Belgrade hosts EuroPride 2022

Photo: Vesna Lalic


By Nicholas Chisha

Pride at its core is meant to celebrate the LGBTI+ community’s rights, self-acceptance, and achievements. At the same time, it can also be a demonstration for the recognition of legal rights that are being withheld from this group. For many decades now, the LGBTI+ communities in the Balkan region have struggled for many of these rights. Serbia is at the fore of this ongoing fight. While same sex activity is legal in Serbia, LGBTI+ persons are not accorded the same legal protections available to their heterosexual counterparts. For example, same-sex partnerships are not yet legally recognized. In May 2014, Amnesty International identified Serbia as one of several countries where there was a marked lack of will to tackle homophobia and transphobia, as public authorities had repeatedly banned Pride marches based on violent threats from homophobic groups and had failed to protect the LGBTI+ community from discrimination, physical and verbal attacks, and social media threats. Five years later, however, the capital Belgrade won the bid to host EuroPride, the biggest LGBTI+ event in Europe.
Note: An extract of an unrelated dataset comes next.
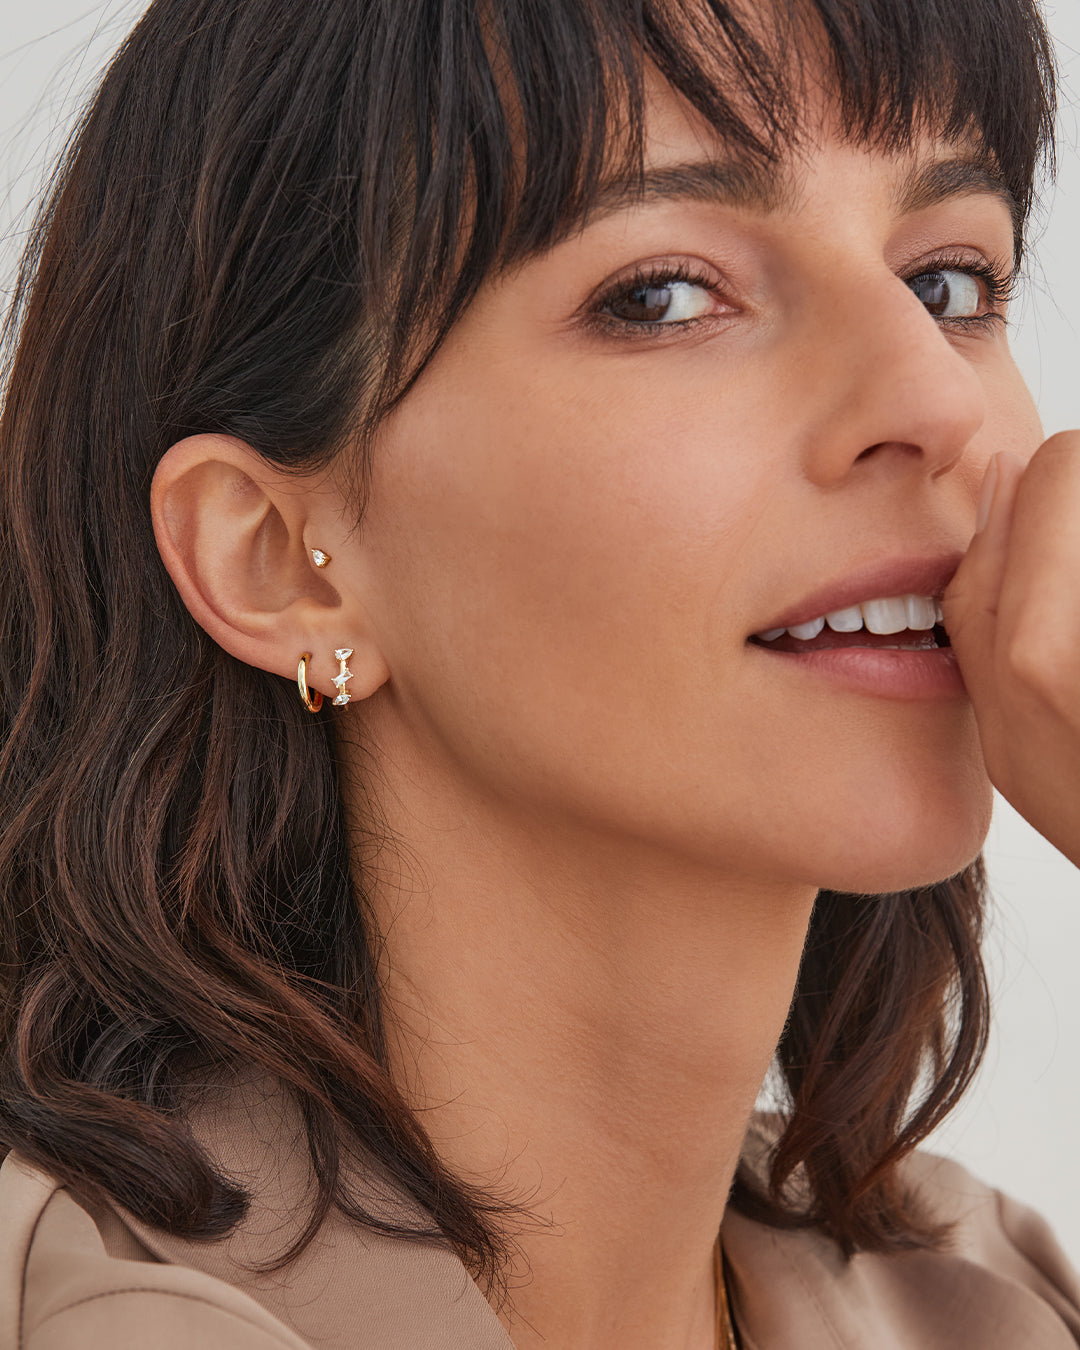 Pear Bezel Diamond Stud Earrings - Zoe Lev Jewelry

They have certainly come a long way. Belgrade Pride director Marko Mihailović explained the process of Belgrade being selected as EuroPride 2022 hosts, what significance this momentous occasion holds for the Balkan region, and the current situation in Serbia.

Marko says: “We had submitted our application one year before the selection date. One week before, my team and I traveled to Bilbao, Spain, for the actual selection of the city that would be hosting EuroPride 2022. There were five contenders: Dublin, Barcelona, Maspalomas, Lisbon/Porto, and Belgrade. Initially, we were intimidated by Barcelona due to how developed and famous their Pride is. However, we also realized during the bidding process that Lisbon and Porto (who had put in a joint bid) were our closest rivals because their presentation was just beautiful.

Eventually, our turbulent past worked in our favor. After the cancellation of the eponymous and violent Pride in 2001 (the first Pride in Serbia, ed.), Belgrade could not hold a Pride parade for a period of 9 years. Though the 2nd Pride parade went ahead in 2010, it required 6000 police officers to protect a crowd of 600 activists. Even then, it was still met with anti-gay protesters and extreme nationalistic views. This led to Pride being banned from 2011 to 2013, though the courts had declared such a ban unconstitutional. A group of activists had decided that we had had enough as a community. They then held what they called ‘The Midnight March’ in protest. Since 2014, Pride has taken place every year in Belgrade successfully.

Solidarity in the Balkans

It is of such paramount importance that the EuroPride is being held in the Balkans for the very first time. Especially since most of the Balkan countries are not in the EU. The LGBTI+ community in this region suffers from a lack of visibility and a lack of recognition of fundamental human rights. It is with this hope that we can have as many visitors as possible from all over Europe in order to show solidarity with our community and hopefully be able to exert more influence at a political and social level within the Balkan region.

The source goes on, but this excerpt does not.